Artificial intelligence is driving plant breeding – helping to accelerate the development of crops that scientists hope can better cope with devastating drought and heat.
- Experiencing Parts of the US Corn Belt extreme or exceptional drought. In Nebraska, 35% of the corn crop is considered poor or very bad condition.
- Some of these prolonged dry spells are caused by human-induced climate change, others are exacerbated by it, but together they form a window into the future. drier and hotter future predicted in some regions.
- These climate changes and increasing global food insecurity are putting pressure on breeders to develop more resilient plants more quickly.
What is going on: Machine learning algorithms and other AI tools have been used by some companies for about a decade, but they are becoming more widely available to breeders.
- Breeders use them to analyze data that reflects what is known about plant biology – for example, how tall or fast a plant grows and whether it can withstand hot or dry conditions in a region.
- That data could help AI predict the combination of genes — and the genes they regulate — that can improve a plant’s tolerance without reducing yield.
- Instead of crossing plants for generations to find the most suitable, breeders can use AI to more quickly predict which genetics deliver the desired properties.
There are some considerations, however, between how much water a plant uses and how much grain, corn, or other product a plant can yield — and debate how far breeders can go with both.
- AI could “help breeders walk through this complex labyrinth,” said Charlie Messina, a professor of predictive breeding at the University of Florida.
Details: In a recent researchMessina and colleagues assessed how hybrids of drought-tolerant maize grown using AI grew under different water conditions.
- In contrast to Previous research, they report that the hybrids bred for better drought tolerance had better yields. (The hybrid is commercially available from Corteva, and scientists from the company participated in the study. Messina previously worked for the company.)
- The scientists also found that the hybrid plants had a smaller difference in yield in normal and dry conditions, meaning they produced a more reliable amount of corn under different conditions. One of the challenges posed by climate change is hydrological extremes, which amplify both droughts and heavy rainfall.

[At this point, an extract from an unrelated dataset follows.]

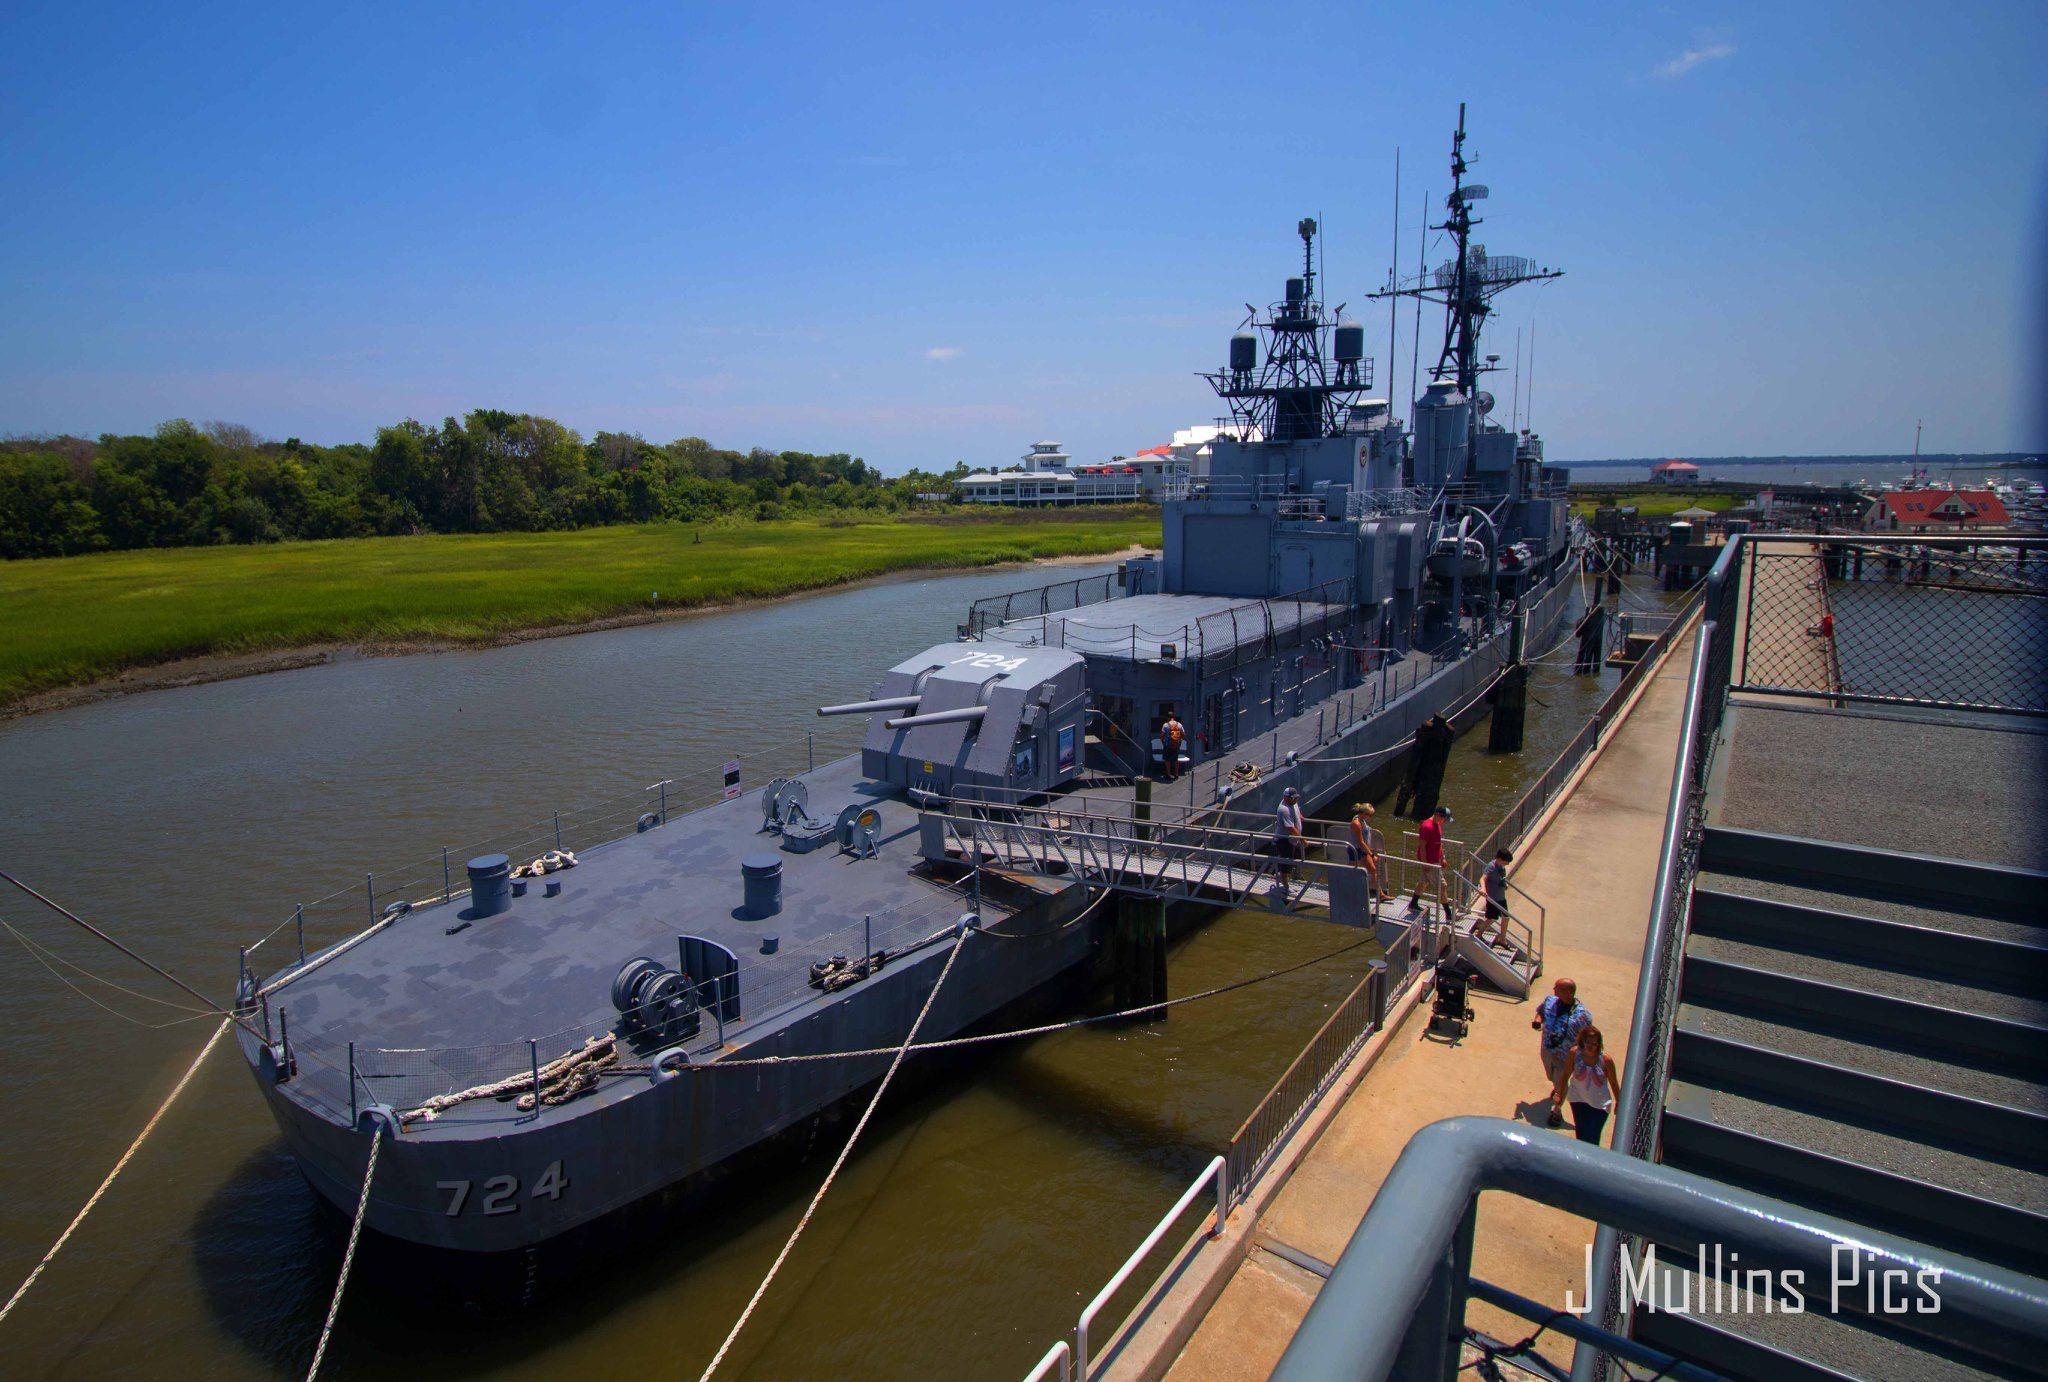 Patriots Point Charleston South Carolina Uss Yorktown Aircraft Carrier Uss Laffey Destroyer Uss Clamagore Uss Yorktown Uss Laffey Charleston South Carolina

But, but, but… A study published earlier this year, it was found that the increase in maize yields was largely due to climate and improved soil and crop management, not plant genetics.
- “This is an important debate because it could affect investment – both public and private – in technologies to tackle drought and climate change,” Messina said.

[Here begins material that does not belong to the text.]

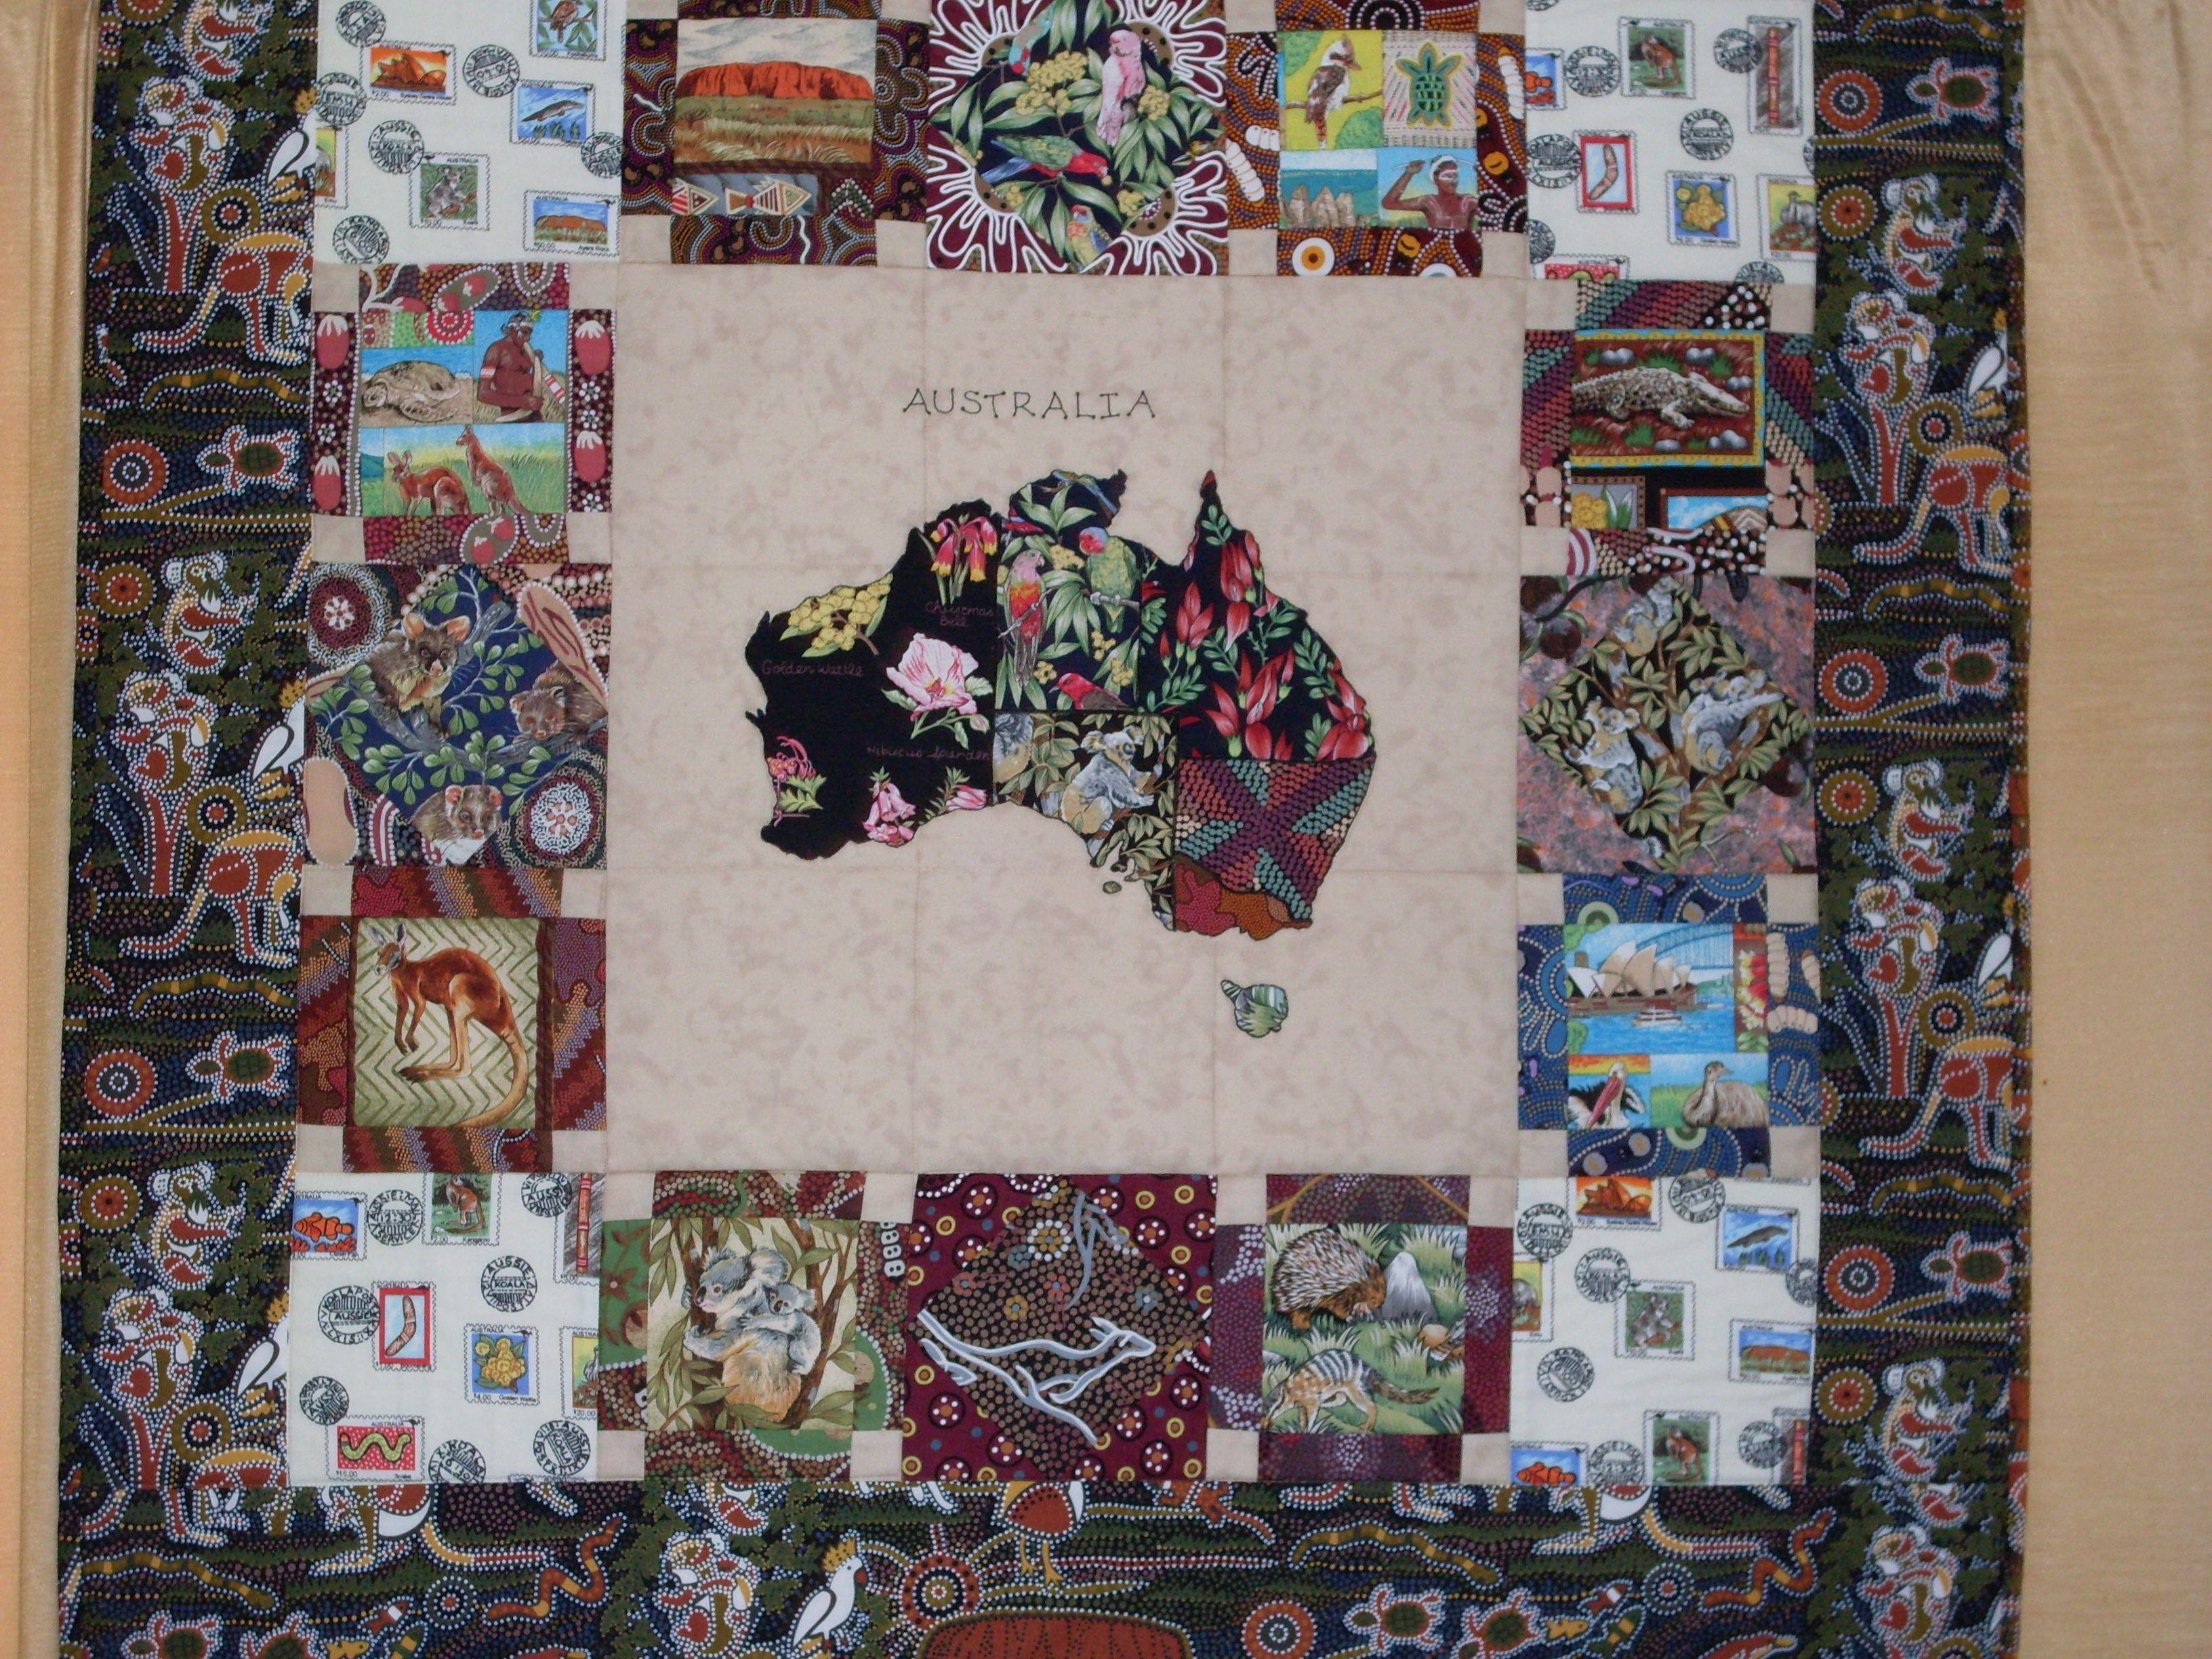 Australia Quilt   Quilting designs, Quilting crafts, Quilt patterns

- “If we don’t get to the root of the problem, we as a society can invest in the wrong solutions,” he says.
- AlphaFoldan in-depth learning system developed by DeepMind predicting the structure of proteins was used, along with other tools, to study the genes and proteins involved in the response of potatoes to elevated temperatures. (The AlphaFold founders won the Breakthrough Prize in Life Sciences today.)
The big picture: Genetics is only one factor in the yield and resilience of a crop.

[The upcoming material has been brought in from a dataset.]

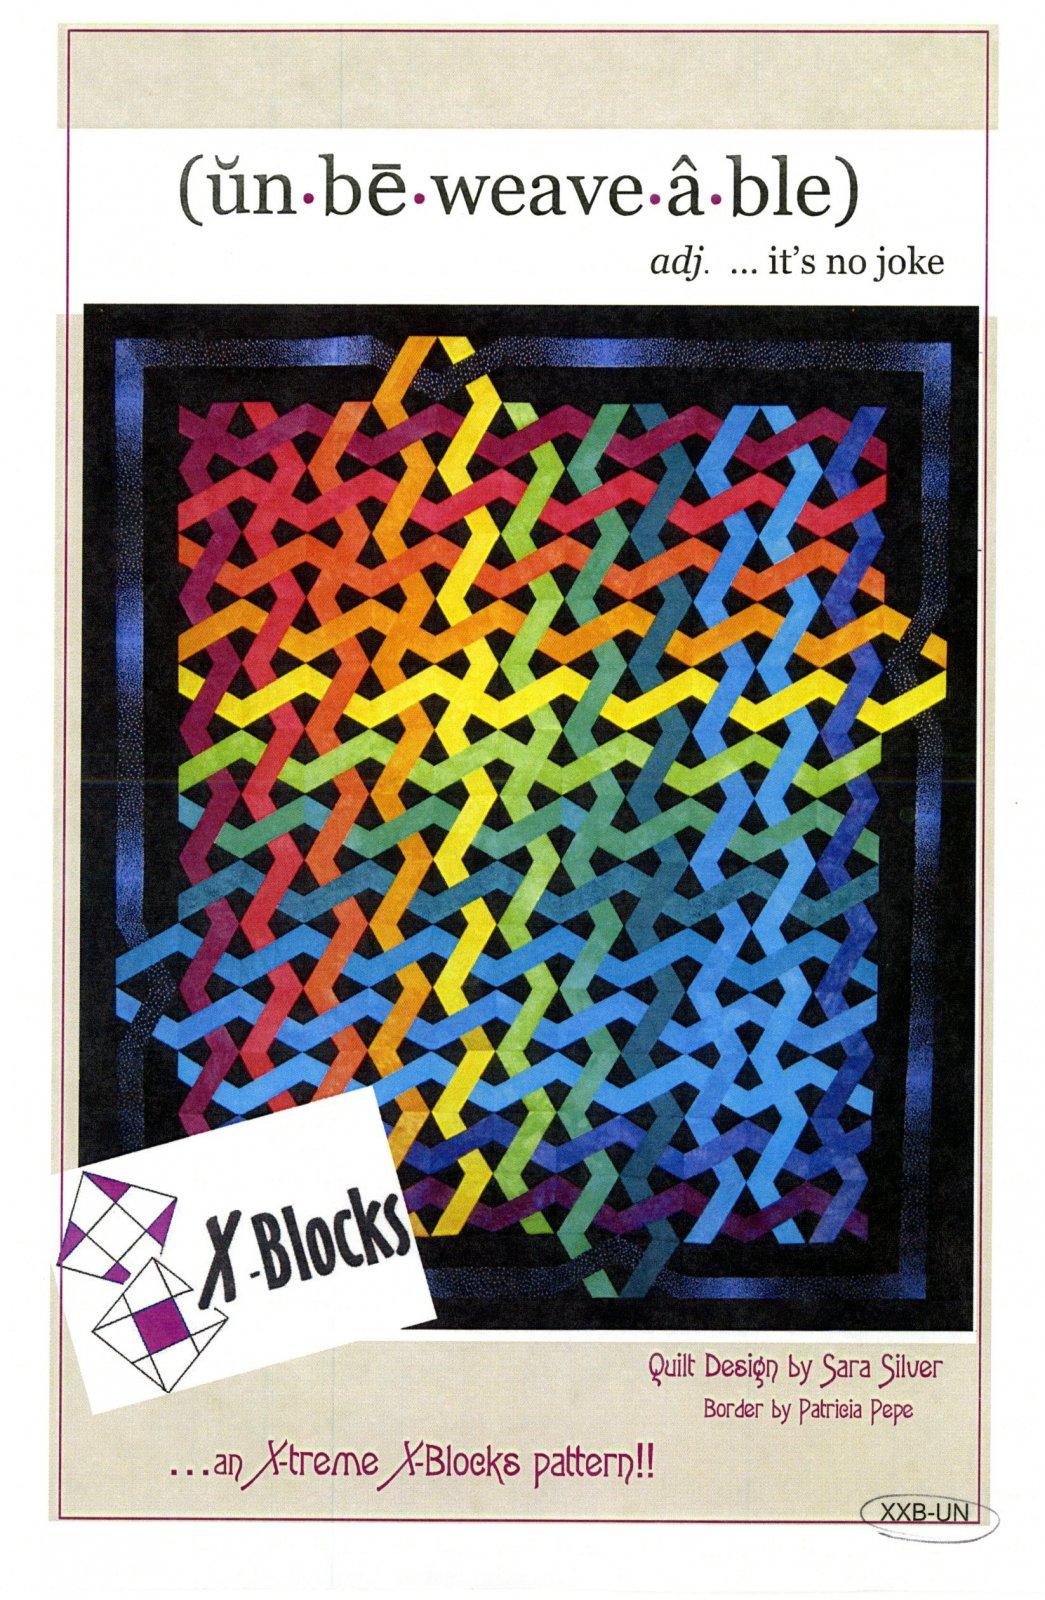 X-Blocks Unbeweavable

- There is also the environment of a field and how the soil and water are managed and possibly tailored to a crop.
- Farmers are under their own pressure to produce a certain amount of a crop and may be under pressure for resources.
Messina says his goal is the integration of information about the genetics of a plant, the environment of a field and the management of a crop.
- Ultimately, he wants to “move from thinking about drought tolerance in a crop to thinking about crops as systems to combat climate change and improve nutrition and food security.”